A welcome message is generated and received. This confirms that the system is correctly receiving and processing the welcome audio from OpenAI.
The system starts playback of the audio file chunk_1733760652759.wav, which contains the welcome message.
Conclusion
The logs indicate that the system is correctly handling the audio streams between Asterisk and OpenAI. The external media channel and mixing bridge are set up properly, and the welcome message from OpenAI is received and played back successfully. This confirms that the audio capture and transmission to OpenAI are functioning as expected.
Issue:
I’m trying to capture the caller’s audio for debugging purposes and send it to may node.js app.
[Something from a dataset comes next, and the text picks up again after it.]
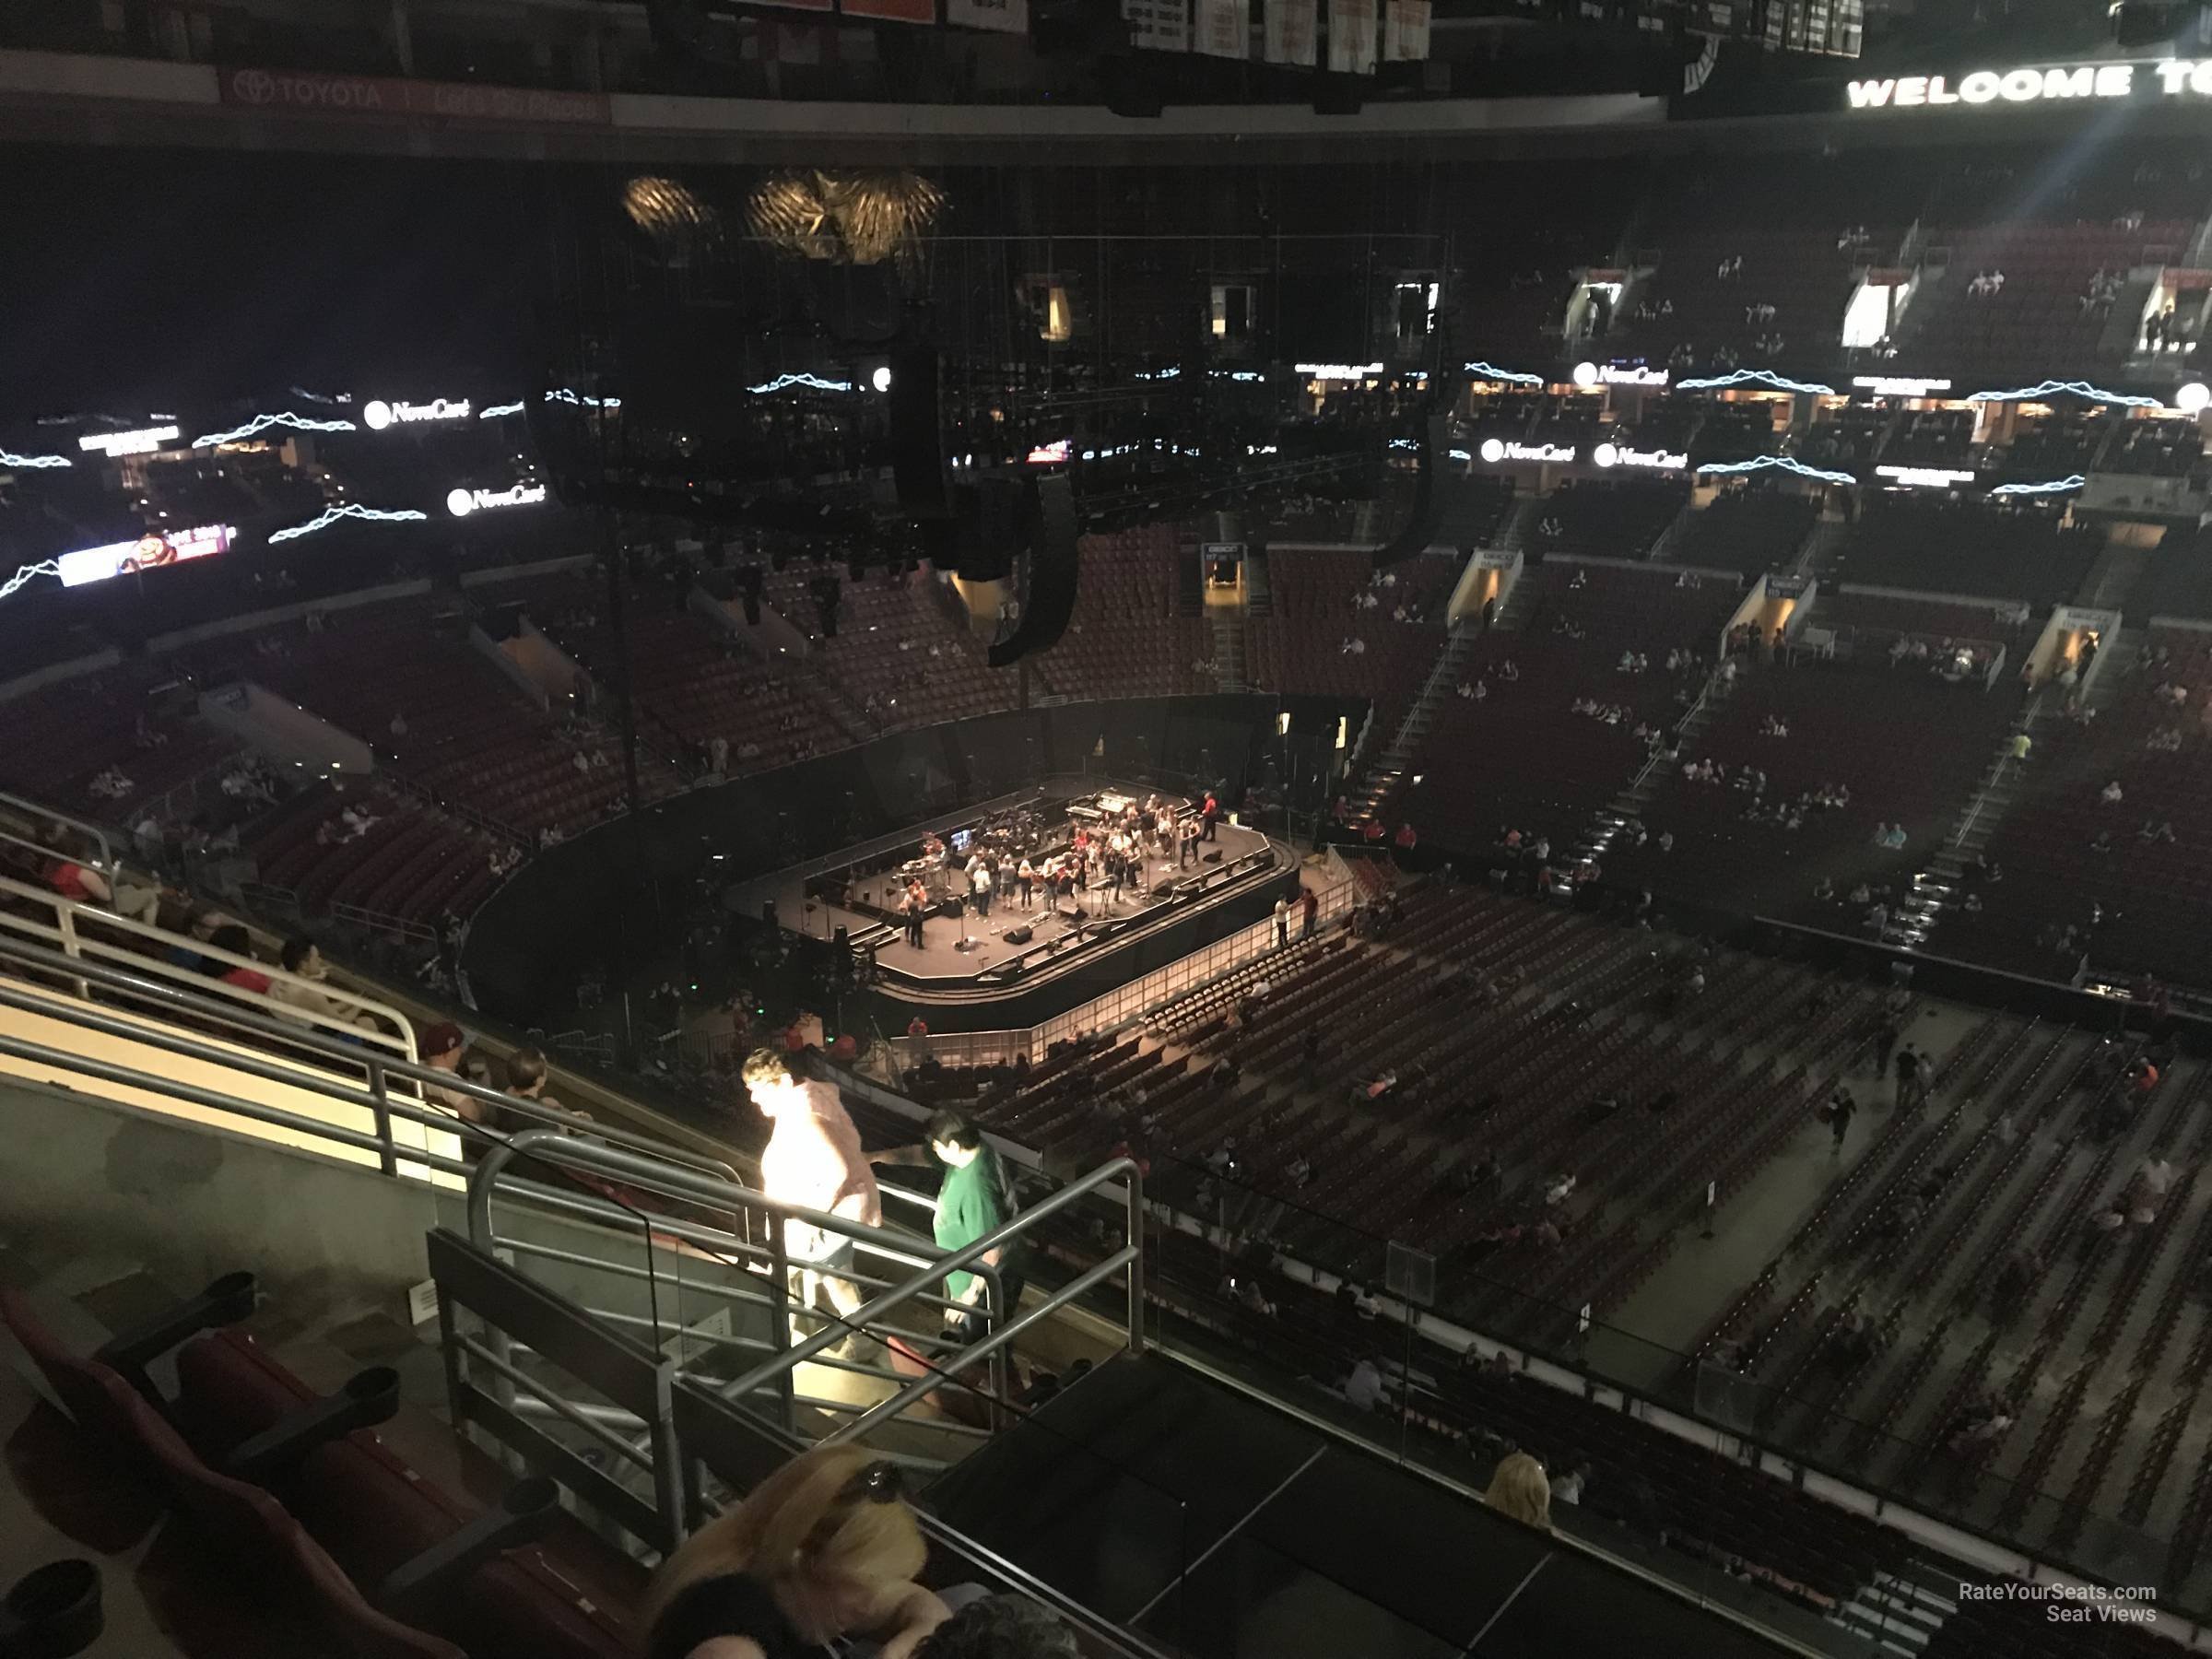 section 202, row 7 seat view  for concert - wells fargo center

The bridge is created successfully and the channels are connected, but I’m not receiving the caller’s audio in my application.
You should be able to take a packet capture and verify that the rtp stream to the external media port is set up correctly and contains the expected audio.
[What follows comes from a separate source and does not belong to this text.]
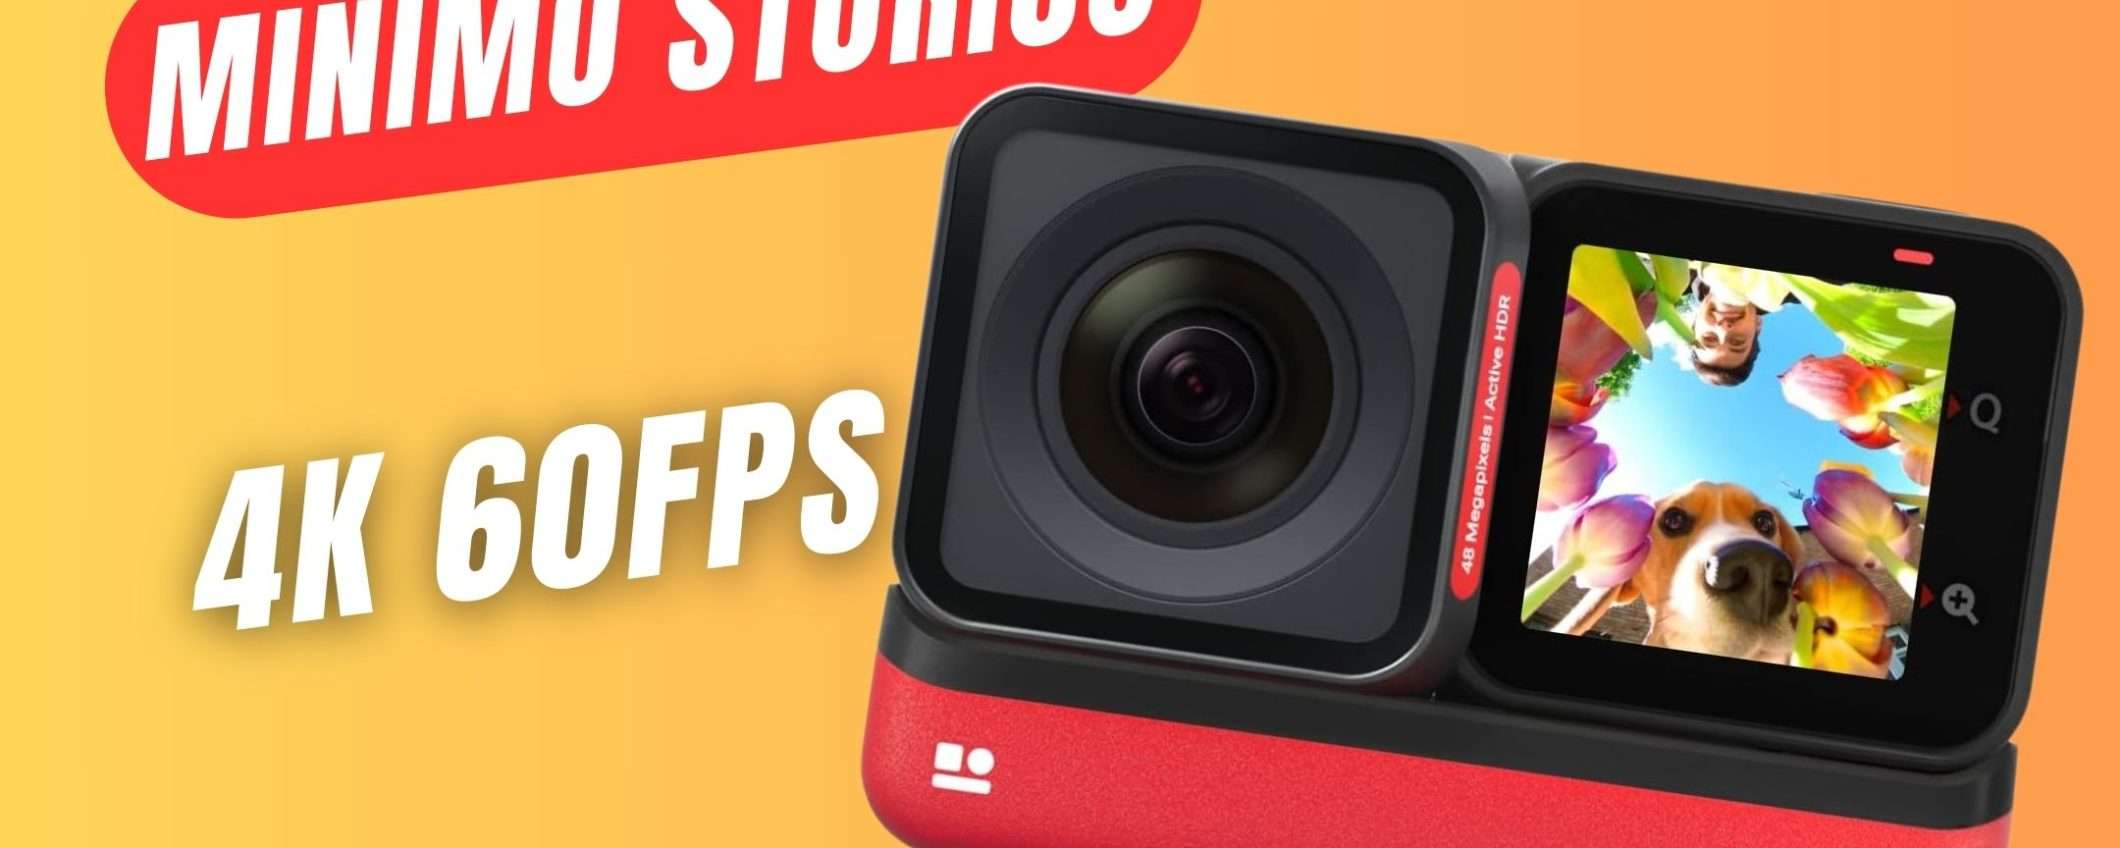 MINIMO STORICO per l'Action Cam insta360 One RS 4K Edition!

I’m assuming your application is set up to receive the rtp stream to proxy to OpenAI?
The caller’s audio coming from ExternalMedia() is actually an RTP stream, you are not mentioning how you are trying to send it to the nodejs app, but I can tell you the nodejs app would have to be listening in the same server as Asterisk. I mean, you could send it to a separate server but keep in mind you can’t send pure RTP straight through a TCP pipe unless it is wrapped by an additional layer.
I’m working with a SoftMix bridge in Asterisk and have configured it to use external media. While the bridge itself seems to be functioning
astervoice*CLI> bridge show all
Bridge-ID Chans Type Technology Duration
voicebot_1733943994.0 3 stasis softmix 00:00:05
I’m struggling to capture the caller’s audio. My goal is to forward the caller’s audio to the external media endpoint to my node app.
Questions:
How can I configure Asterisk to properly send the caller’s audio to the external media in this setup?
Are there specific bridge settings, channel options, or external media parameters I might be overlooking?
So you’re not using external media as provided by ARI, you’re using a Local channel instead. From the given code it doesn’t appear you are calling “dial” on the created channel if “create” is actually using the create ARI route, so I would not expect anything to happen until that is done.